Unnecessary, unscheduled calls often fall into this realm. We say yes just to get someone off our back, or we pick up a call because we know we cannot just leave it unattended. Under such circumstances, taking a minute to consider the commitment usually helps. By taking this call, what deep work are we interrupting? By agreeing to do a Zoom call to understand the scope, explain work outcomes, etc., what are we giving up on? Time with family? The chance to cook a good meal? The solution, thankfully, lies in automation. Of course, only an introvert could have invented a tool like Loom, one of the few tools we like to pay for and use.
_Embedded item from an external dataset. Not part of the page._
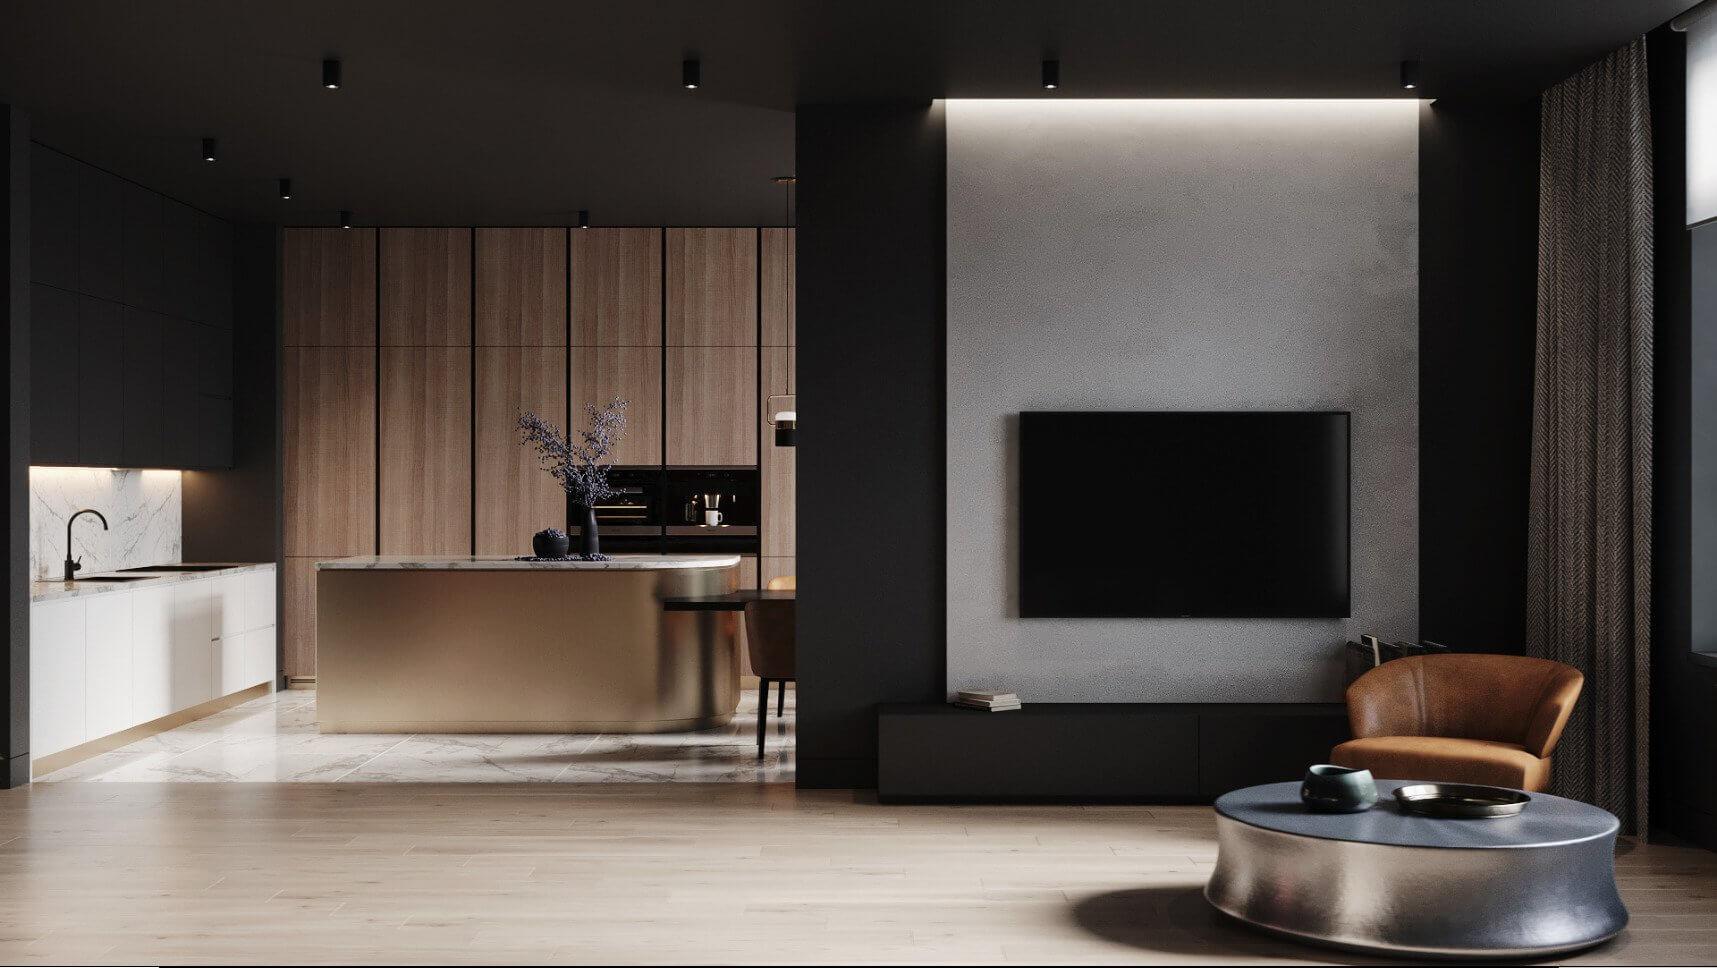 Dark penthouse design with brass kitchen design - cgi visualization 8
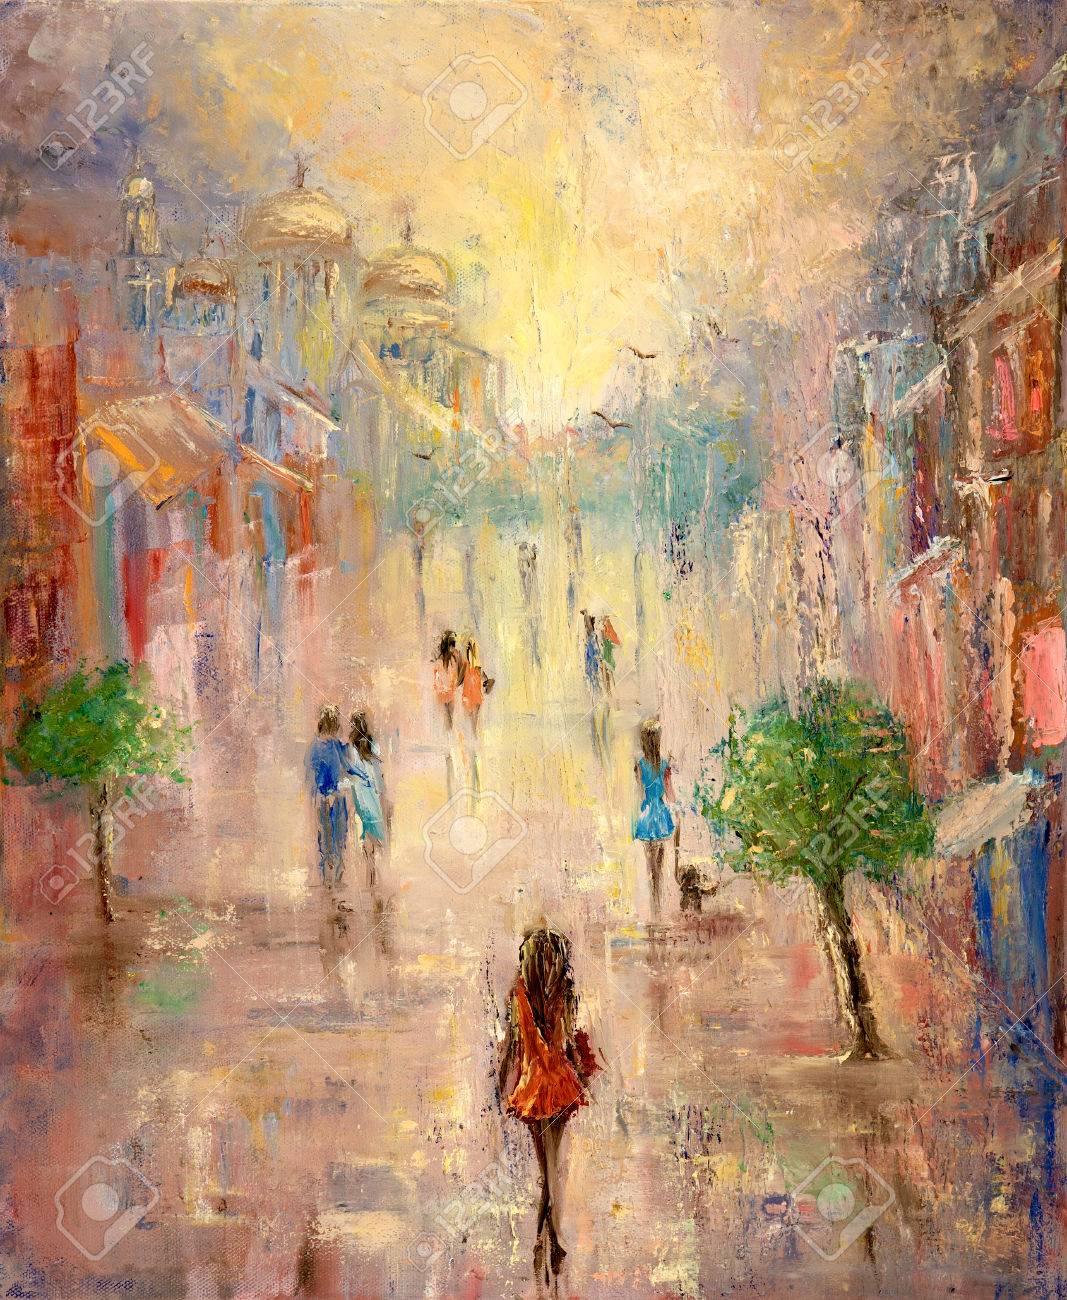 Abstrakte Malerei Von Menschen Auf Canvas Modern Impressionismus

Recorded videos instead of Zoom meetings help us avoid interruptions, get the point across better, and can be saved and accessed as many times as needed, all in the interest of fewer distractions.

  • This last one is a bit tricky. Companies are trying virtual offices, physical workspaces, and everything in between. It is easy to get stuck in the experiment, and quite frankly, ‘two days a week’ of office presence makes no sense if every team member shows up on different days. That said, physical facetime is important. It helps us bond with colleagues and understand work outside of the task assigned, even though it means commuting to work, which can be a nightmare. How do we solve this? Communication helps. It is okay to take the initiative to discuss with team members and understand what days of the week work best for them. We don’t always have to leave the planning to someone else. And what if different days work for different people? We forget that not long ago, all days worked for everyone. The purpose of flexibility is to be flexible for everyone within reasonable limits. Can you try a different monthly schedule so everyone’s preferences are accounted for? Can you plan more facetime with a colleague you work more closely with?

Prioritise the tasks that deserve attention

There is no end goal here or a milestone to be reached. The very definition of important tasks evolves over time and differs by role.

Nearly every task is important for a C-suite executive, but some can be delegated to competent team members. For execution roles, timelines and due dates are important, but the quality of the end product is vital. All plans for delivery, and commitments therein, can be made based on the quality of expected output.

How do you chuck out the urgent and make space for the important? By

  1. Knowing that certain fires will have to be fought, no matter how well you plan.

  2. Making space for tasks, even if that means blocking out your calendar.

  3. Scheduling a clean-up time every week to actively remove what does not serve you and rearrange what you want to be doing.

  4. Considering, on a monthly basis, what you would like to delegate and to whom.

  5. Unscheduling your time- eight working hours in a day do not need eight hours’ worth of tasks. It is okay to leave a couple of hours free for things to creep in and maybe even have lovely conversations with people.

What steps are you taking to be good enough at work? Have you tried any of these tips before? How have they worked for you?